Information supplied:
Segment Open

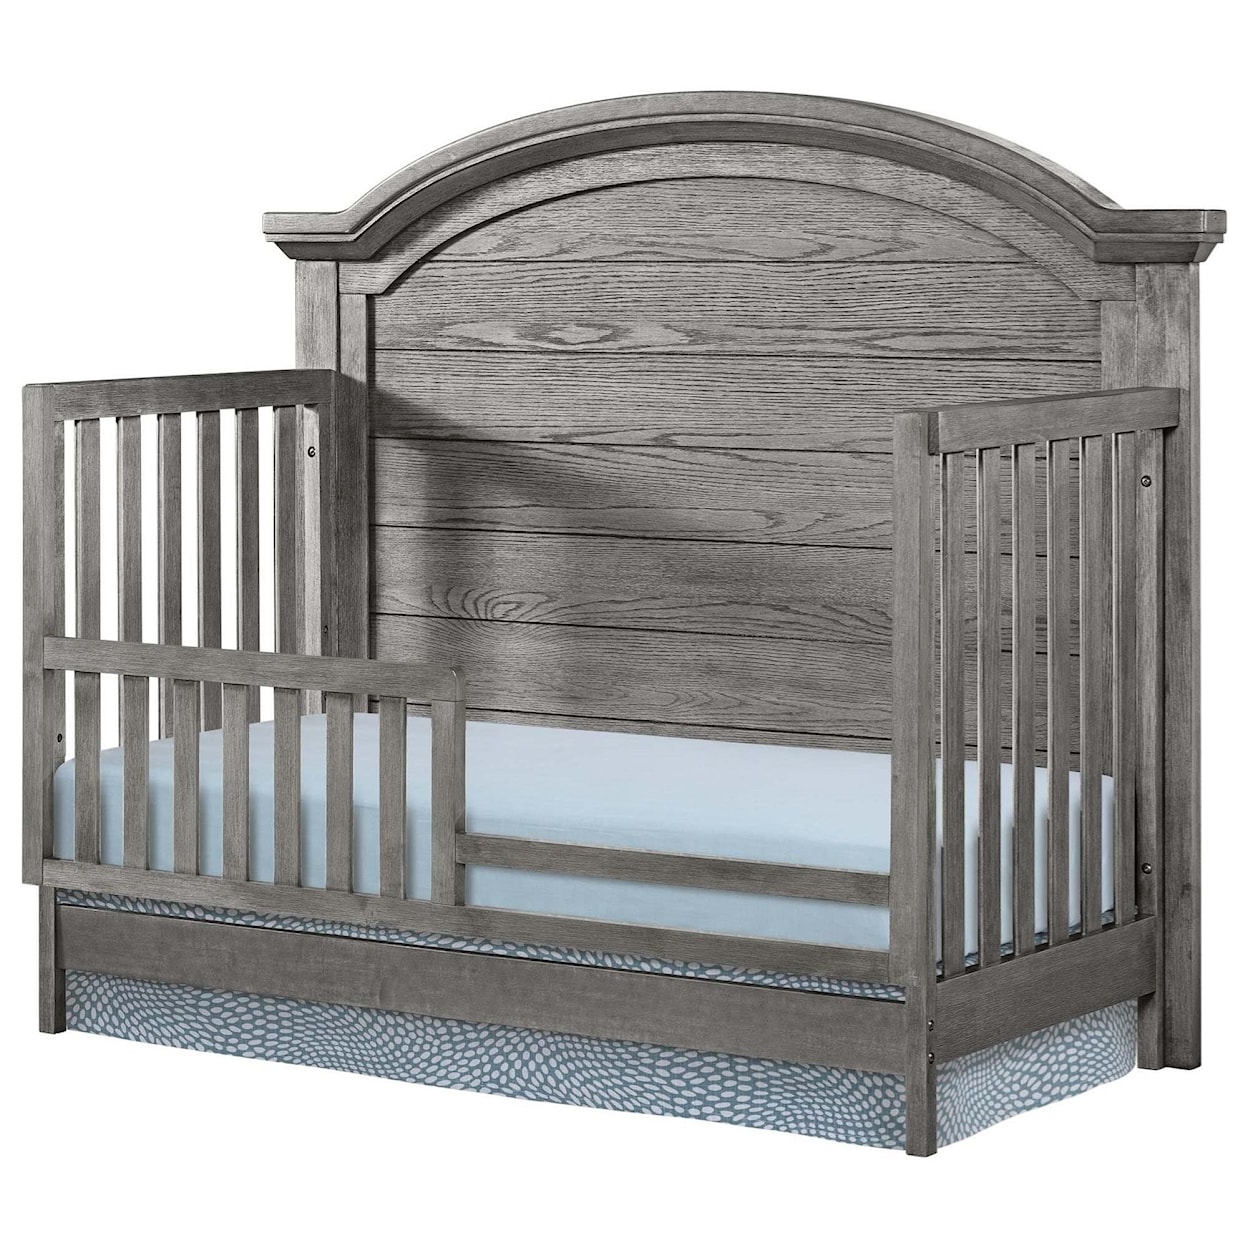 Westwood Design Foundry Toddler Bed Converter Rail
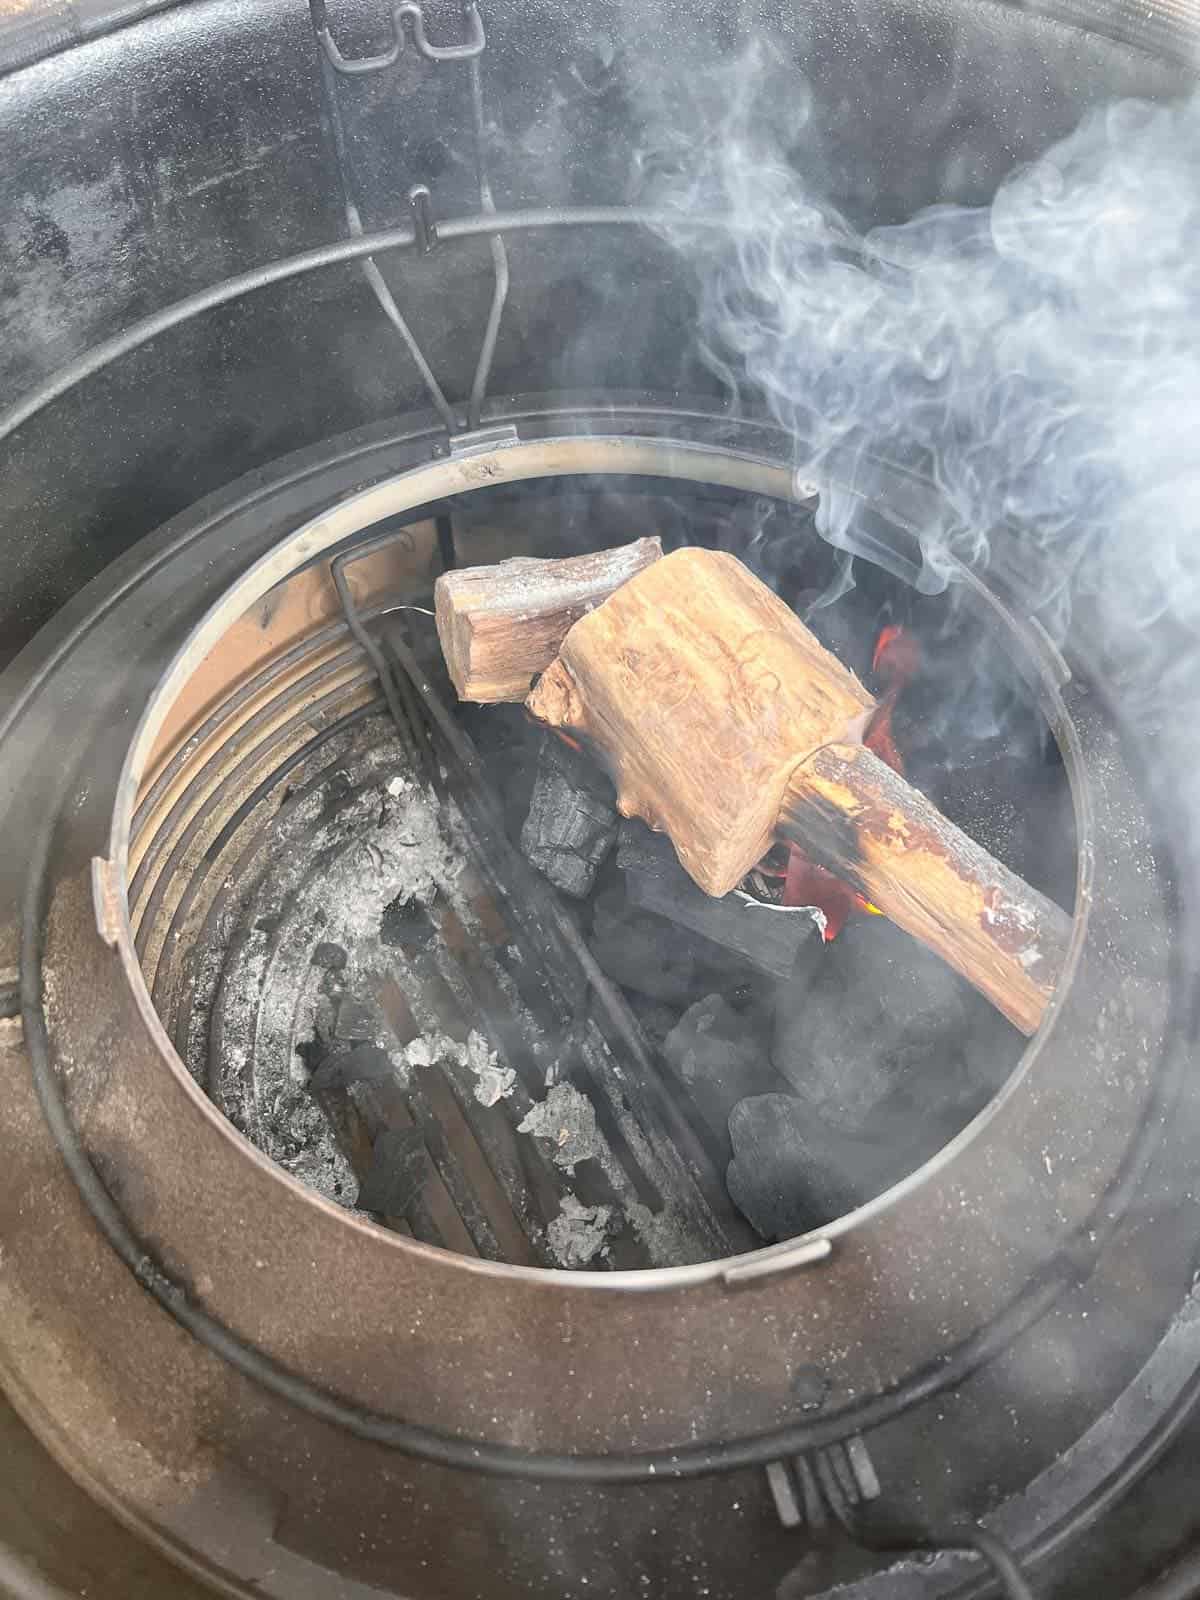 kamado joe ceramic oven set up for indirect cooking
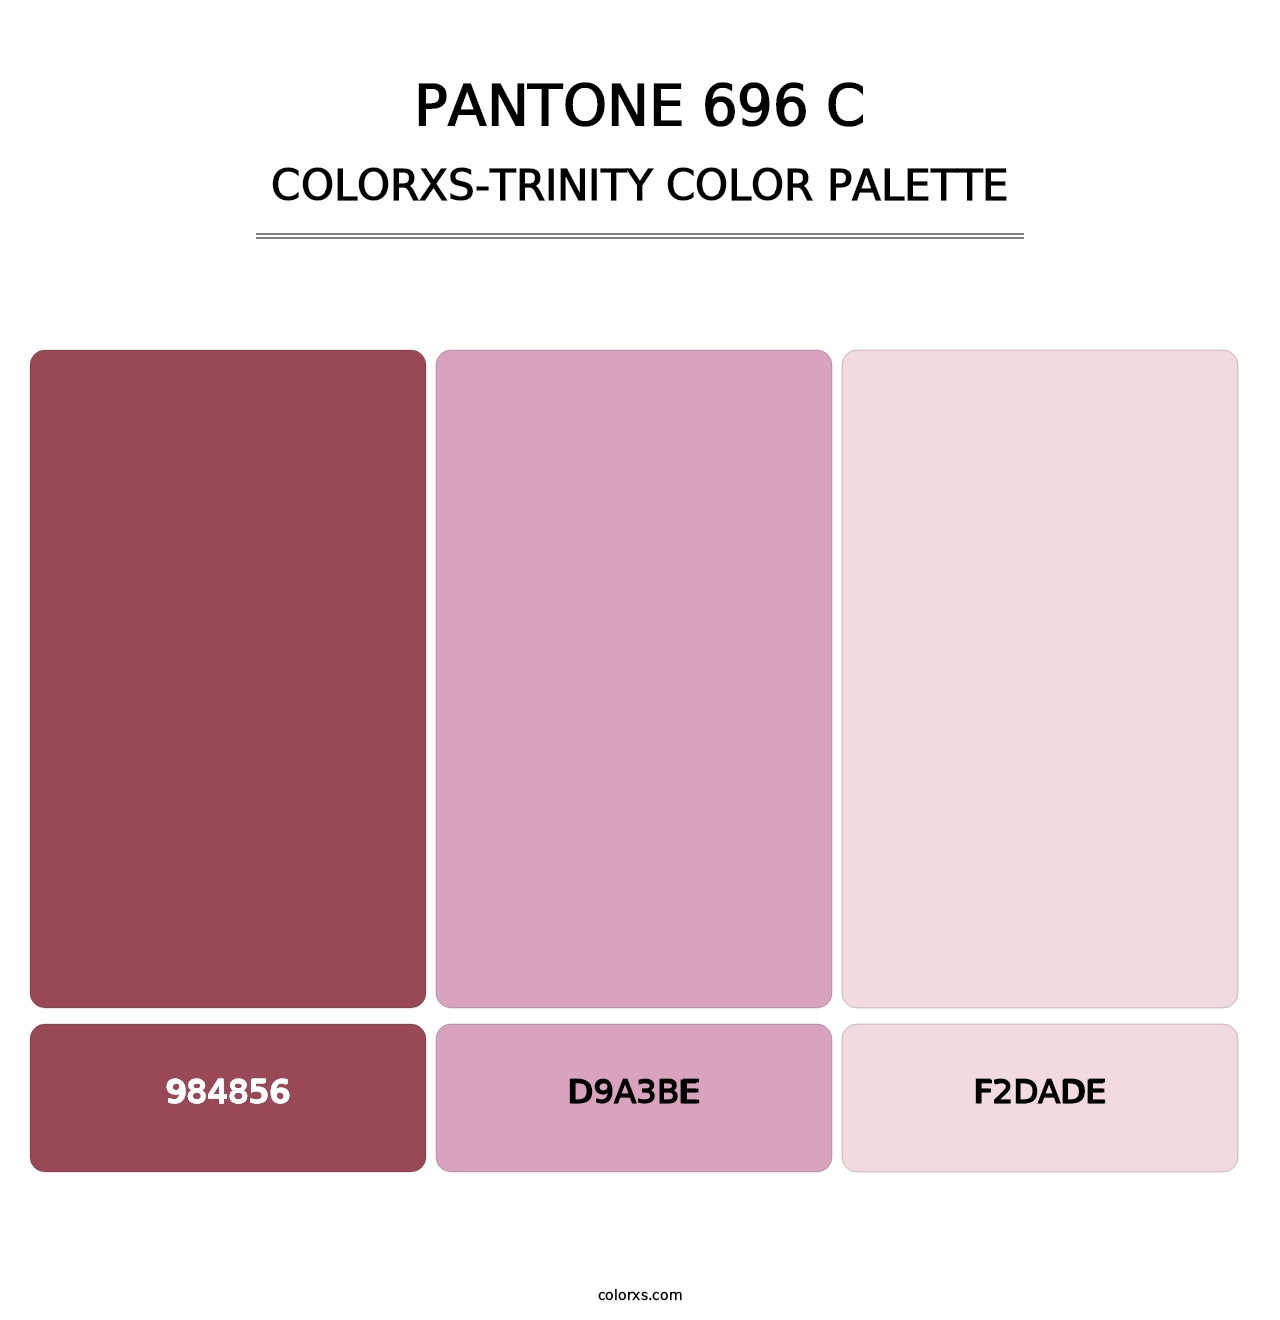 PANTONE 696 C - Colorxs Trinity Palette

Segment Closed

Exercise prompt: Word-for-word repeat, images excluded: return all the data.

Output for this exercise:
 Westwood Design Foundry Toddler Bed Converter Rail
 kamado joe ceramic oven set up for indirect cooking
 PANTONE 696 C - Colorxs Trinity Palette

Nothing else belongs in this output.